Shanksteps 115
I have just completed my work day. Rounded on all the patients in the hospital, approximately 40. Have seen 18 outpatients. And did a bladder prolapse surgery. Now I have only one left. It’s a child who apparently got their foot stuck in the spokes of the bicycle. They have done dressings on him at a another mission clinic for the past week and now the foot smells rotten ( like rotten eggs) and has a large amount of dead skin up to the mid-calf. After prepping the leg with betadine I start
cutting off the dead tissue to expose the living tissue beneath. It goes well. I release the tight tourniquet that placed before surgery and everything starts bleeding (living tissue). It’s a good sign! I finish up my note and prepare to go home.
The maternity nurse askes me to see a patient that is not progressing in labor. She tried to deliver at home with the “forgerone” ( the blacksmiths who also bury people and make clay pots. How they ever got chosen to deliver babies is beyond my understanding). After trying for a while they were not successful in anything other than making her external genitalia look very abused and extremely edematous (swollen). A traditional birth attendant was then called who evaluated her and tried his hand
at it for a little while and then sent her to the hospital. As I evaluated her abdomen I feel what seems to be a “band” around the middle of her uterus. I worry about a uterine rupture. On examining her further I find meconium (baby poop in the amniotic fluid). The baby was distressed. The nurse had found a heart rate. But either way this baby was not coming out without surgical delivery. I called for the other OR staff and we headed in to prepare her. I make a low transverse incision. Take
the different layers, and as I open the abdomen blood gushes out. I find the baby free-floating in the abdomen with the placenta detached and the uterus contracted, baby dead! I’m to late! She was to late! But that doesn’t make me feel any better as I attempt to repair the damage to the uterus. She wants to conceive again because she only has three children. I also find her bladder is also torn. I repair her bladder and pray that the uterus and bladder, that are so fragile after being torn,
stay together for her to heal without creation of a VV fistula (a connection between the bladder and the vagina). I head for home at 10PM. Hoping that I am not called tonight so that I am rested for another day.
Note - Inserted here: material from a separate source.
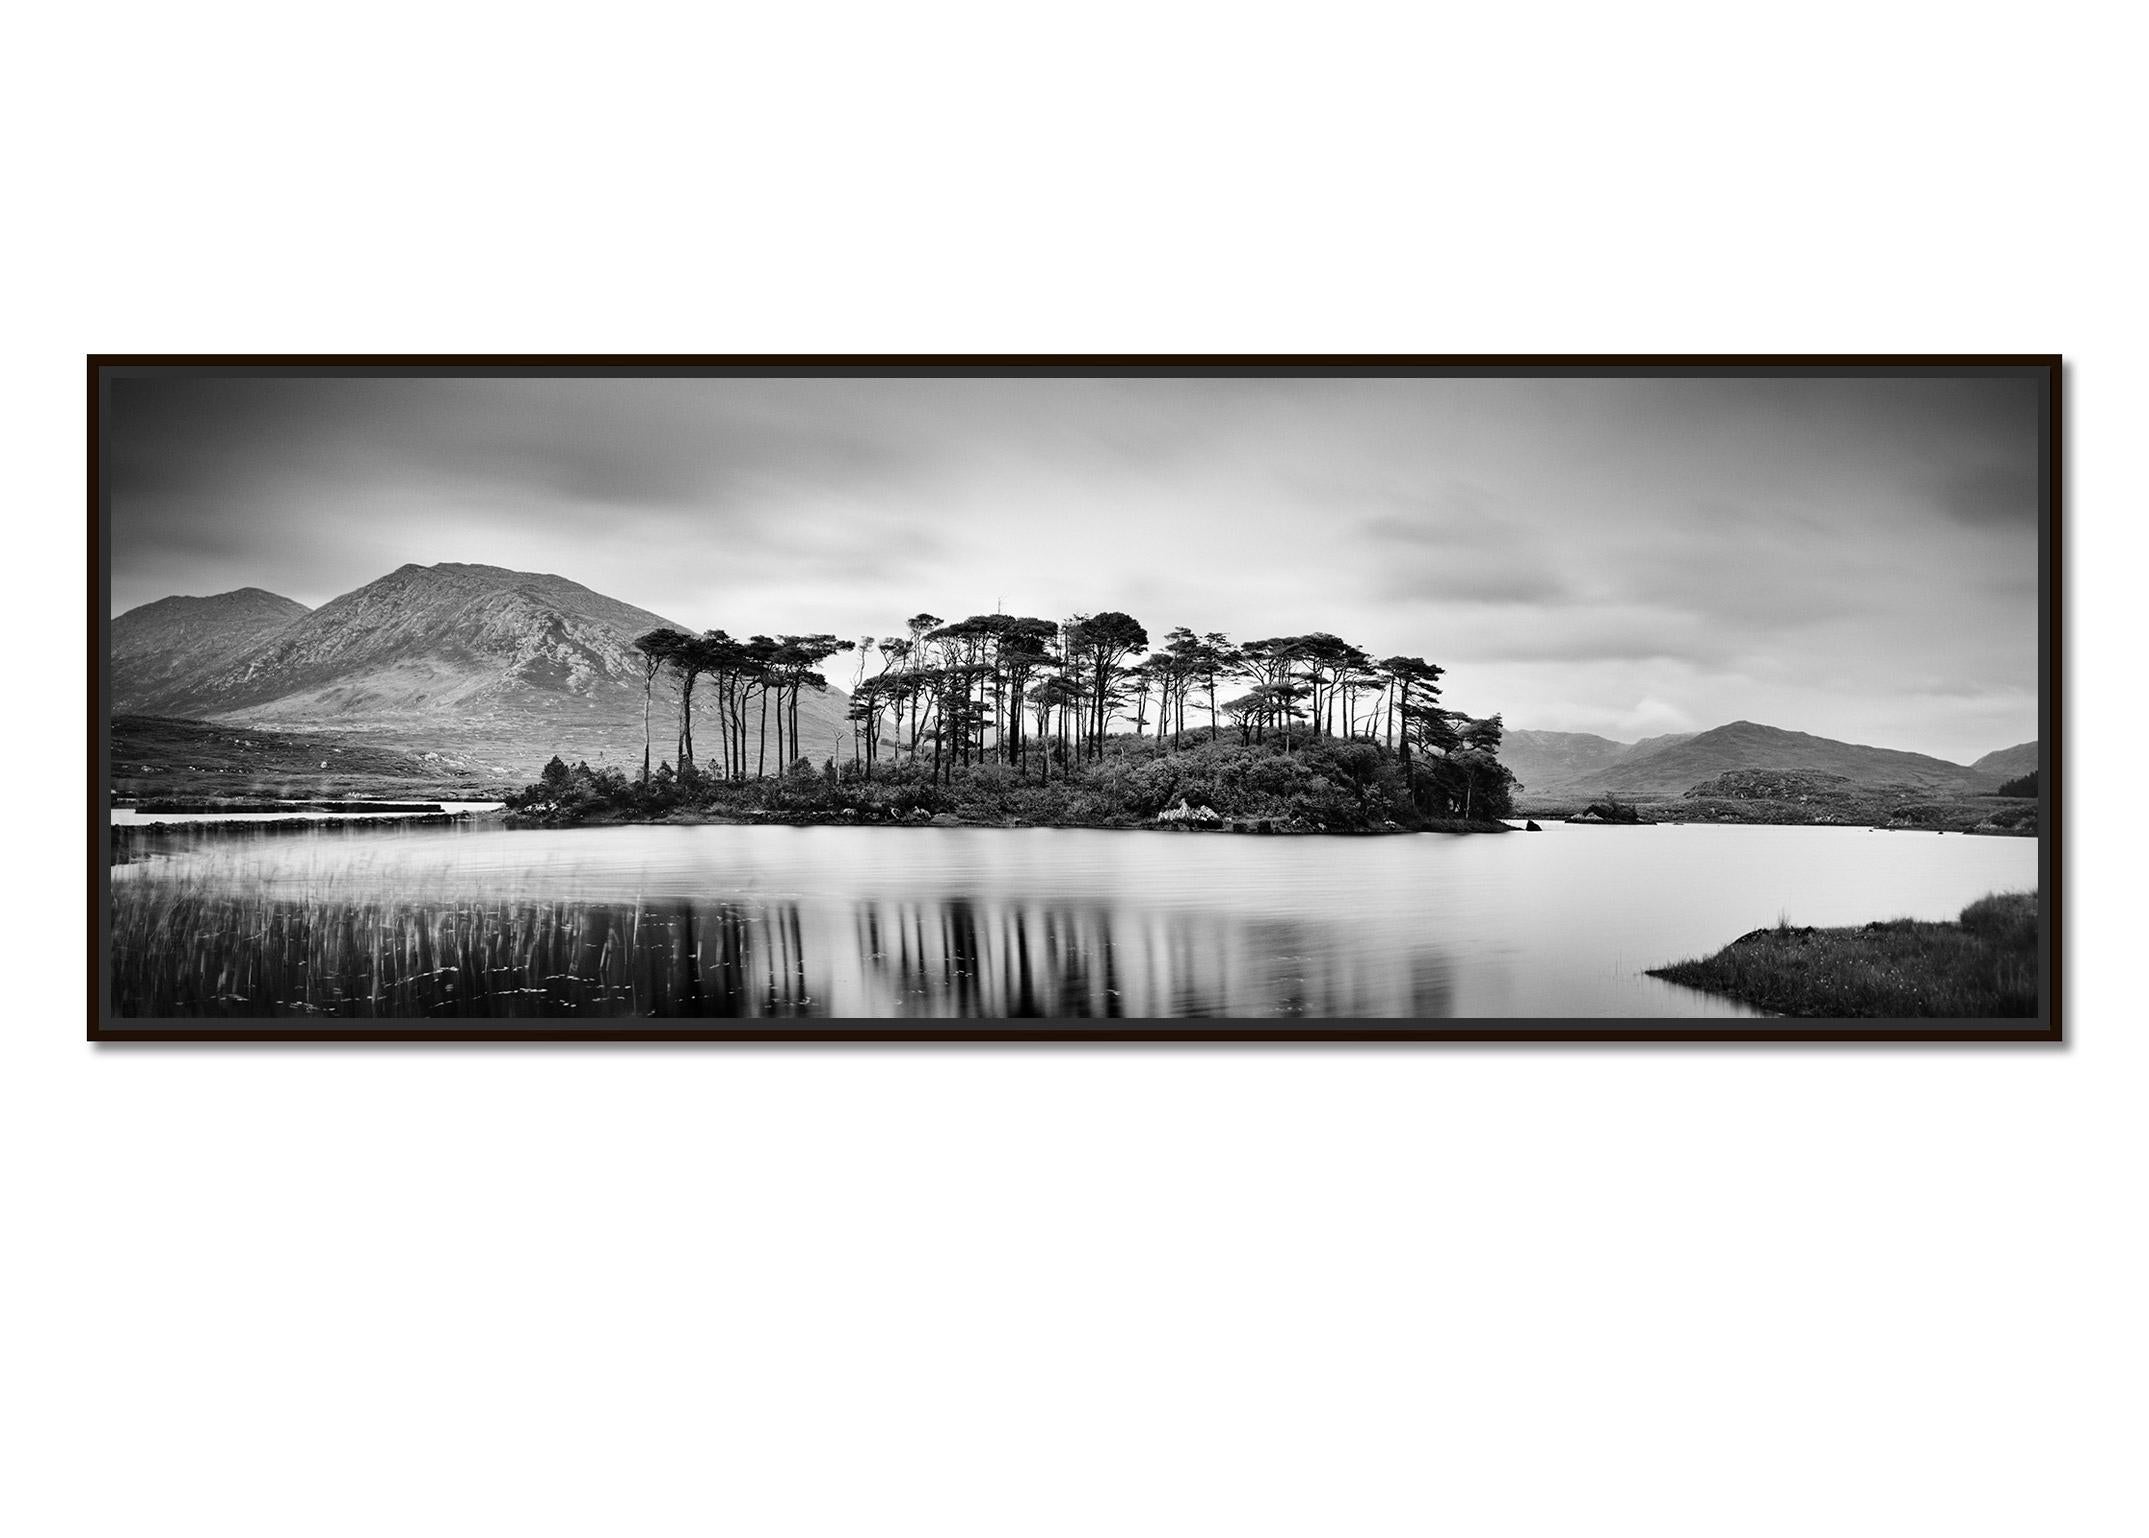 Bauminsel Panorama, zeitgenössischer Schwarz-Weiß-Fotodruck mit Wasserlandschaft – Photograph von Gerald Berghammer

I remember on the way home that I was supposed to have done vaccination supervision too. I guess it won’t be done. I hope they did a good job and that the women included got their tetanus vaccination. I sleep through the night and thank God for the rest in the morning. Today I have
the gentleman with the mandibular (jaw) fracture to repair. I will wire his mouth shut for 6 weeks. I pray he heals well. “God give me wisdom and strength for today!”